Italian Prime Minister Giorgia Meloni said she prefers to let her actions speak louder than words when asked how she responds to a New York Times opinion piece that blasted her policies, particularly what's happening in Italy overall.

"There is nothing I want to tell to those who criticize me. I think it is a right they have," she told FOX Business' Maria Bartiromo in an exclusive interview. "The only way I like to respond is with results, so I react. I do what I think is right for my nation, for the interests of my nation, and I think that what is happening in Italy is the only thing that really can give an answer or not."

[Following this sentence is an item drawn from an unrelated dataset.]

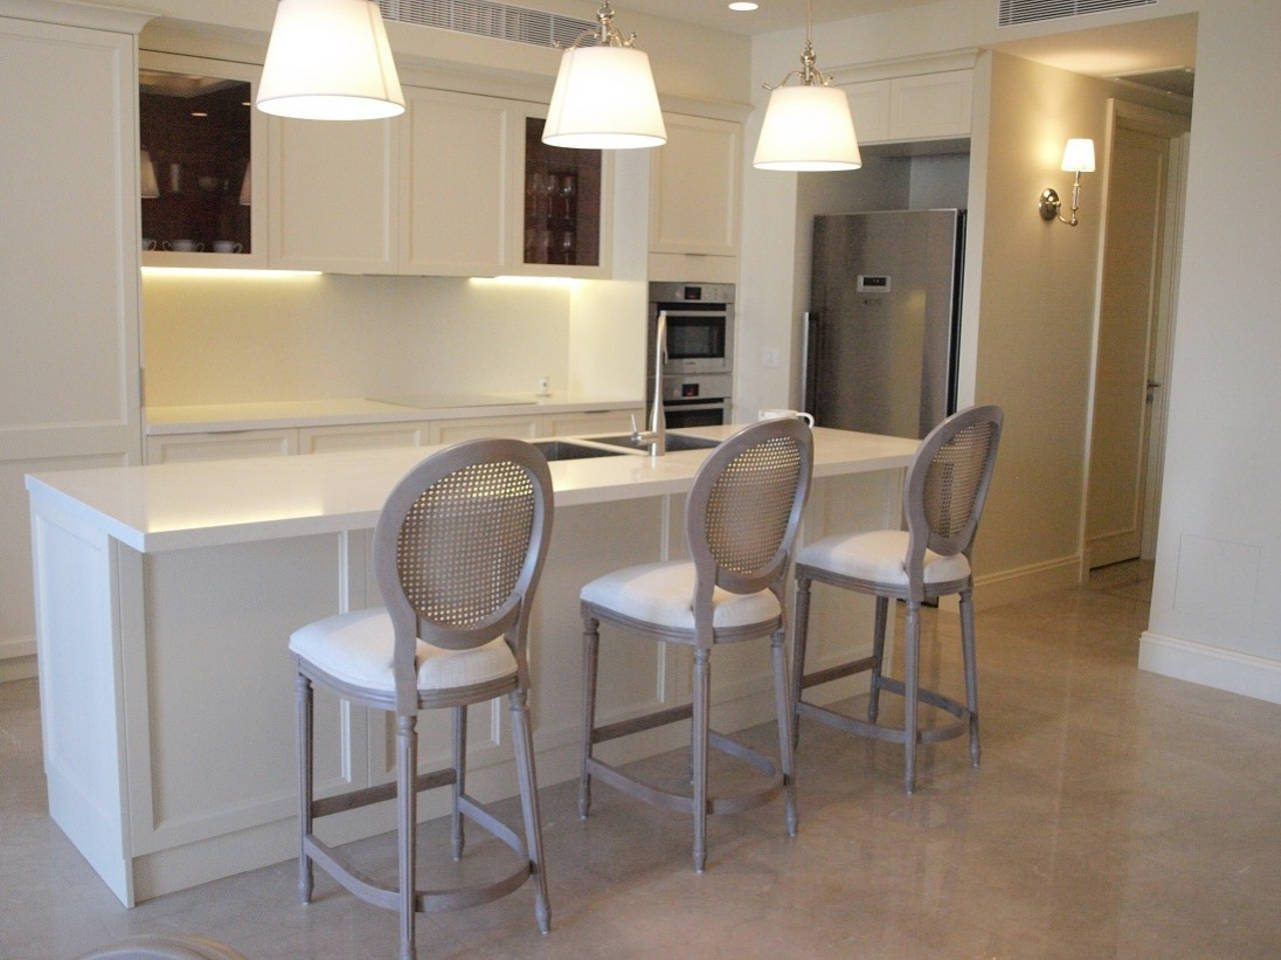 Apartment Great Location - Mamilla Mall Super Luxurious Flat photo 16817581
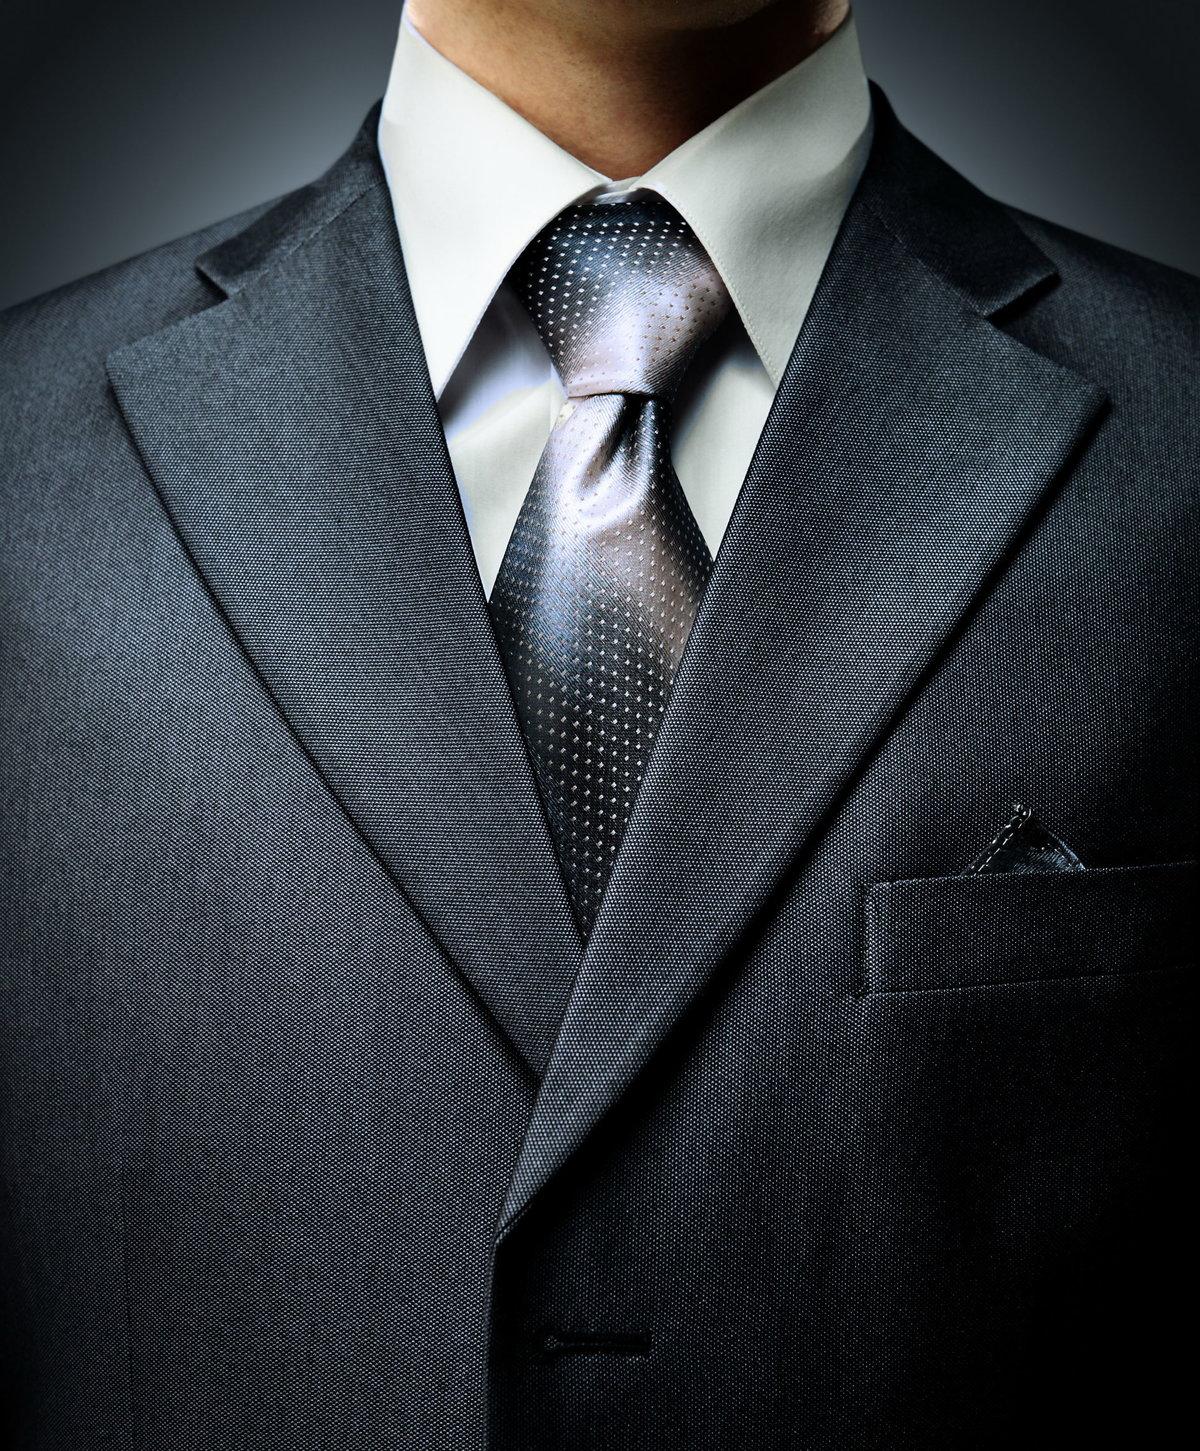 Картинки, картинка пиджак с галстуком

She cited Italy's economic success, her vow to Italian companies that "we [the government] will not disturb you" and her hope that she can make the people of her nation believe that they can do better without the state "creating problems" for them.


Giorgia Meloni Italian Prime Minister

Italian Prime Minister Giorgia Meloni releases statements to the press at the end of the meeting with German Chancellor Olaf Scholz on June 8, 2023, in Rome. (Simona Granati / Corbis via / Getty Images)

She said government should work with the people to allow the country to thrive.

"We want to create richness," she said. "You will have a state, you will have institutions able to work with you, near you. That doesn't mean that we don't have rules. We have it, and we are quite strict on it, but we want them to believe there is nothing the institutions can do if the people do not answer. So, we have to go all in the same direction. We have to do it together, and that was my first message."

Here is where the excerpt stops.